Now, from a prone position, Kinsella wrote what she could. She knew she didn’t want to attempt a memoir; her memory wasn’t up to the task. One day she typed up a short story about spouses taking a walk and singing Christmas carols while the wife recovers from brain surgery. It became a chapter in her recently released book “What Does it Feel Like?”
The novella unfolds in vignettes, following Eve Monroe, a successful novelist and mother of five who has cancer. While searching “Grade 4 glioblastoma” from her hospital bed, she learns that the average survival time is 12 to 18 months. There is no cure. The book is markedly less cheerful than the breezy page-turners that are her standard fare, but it’s still a love story. It’s funny, too, strange as this sounds.
Sentence by sentence, Kinsella distanced herself from fear. It never retreated, not entirely, although language was a trusty shield. She said, “It took me a while to figure out how I was going to have a happy ending, but I was absolutely determined.”
On April 17, almost a year and a half after surgery, Kinsella was ready to share news of her diagnosis with her fans. “I’ve been waiting for the strength to do so,” she wrote in an Instagram post.

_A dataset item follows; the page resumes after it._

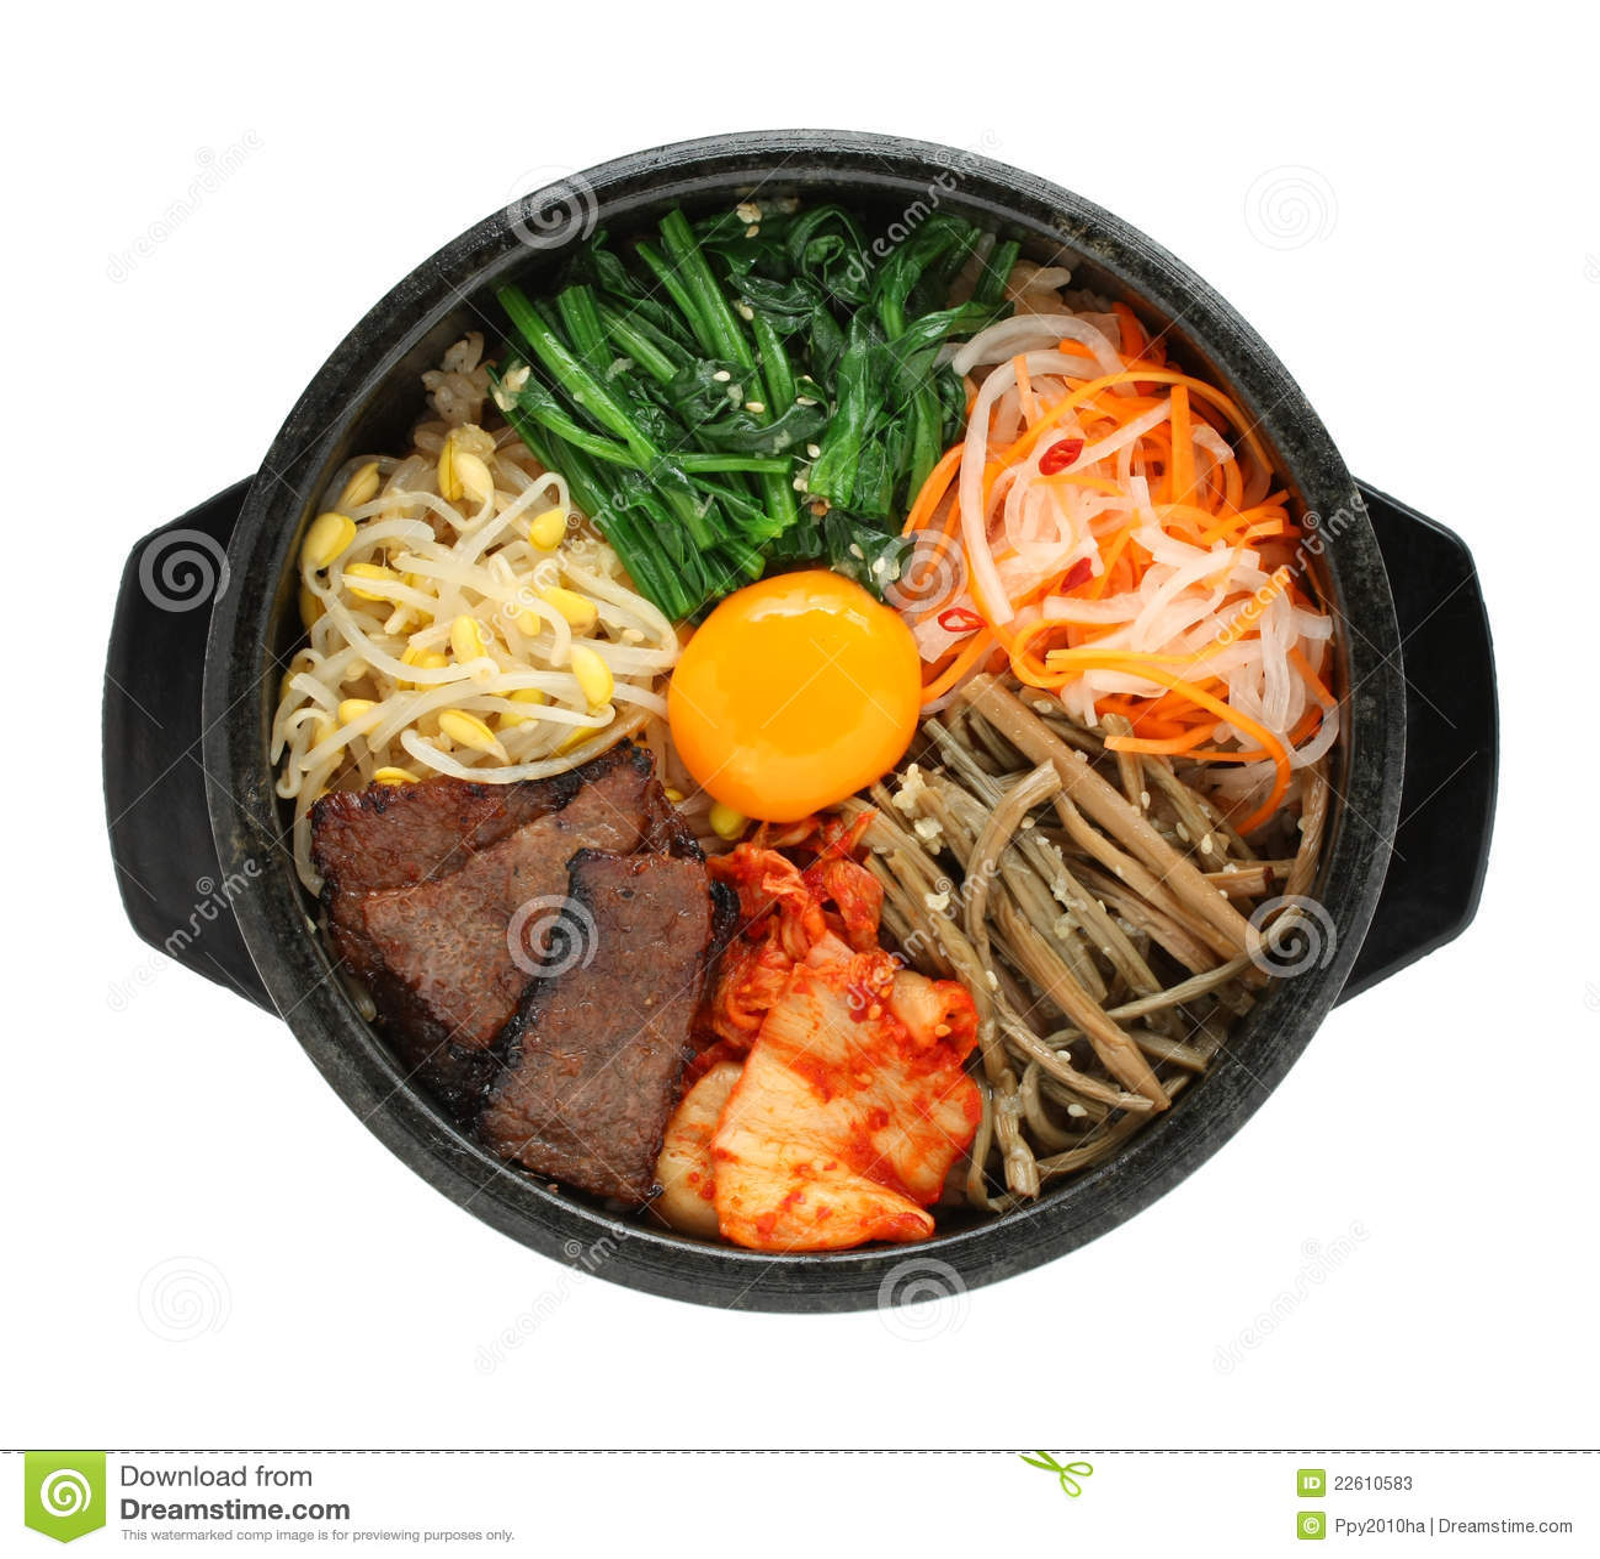 Bibimbap cucina coreana fotografie stock immagine 22610583 for Cucina coreana

Readers’ responses were so supportive that she posted a video, thanking them for their kindness.
“I was like, ‘OK, at last, I can just be me now,’ ” Kinsella said. “There comes a tipping point, I think, when being private can feel like you’re hiding.”
Kinsella remains focused on the day to day — and each one begins with the same routine: “Henry gets up very early. He reads the whole internet and brings me a cup of tea and a hopeful story. He’ll say, ‘I read about someone who lasted this long after diagnosis.’ ”
She said, “I really want to be someone else’s story of hope.”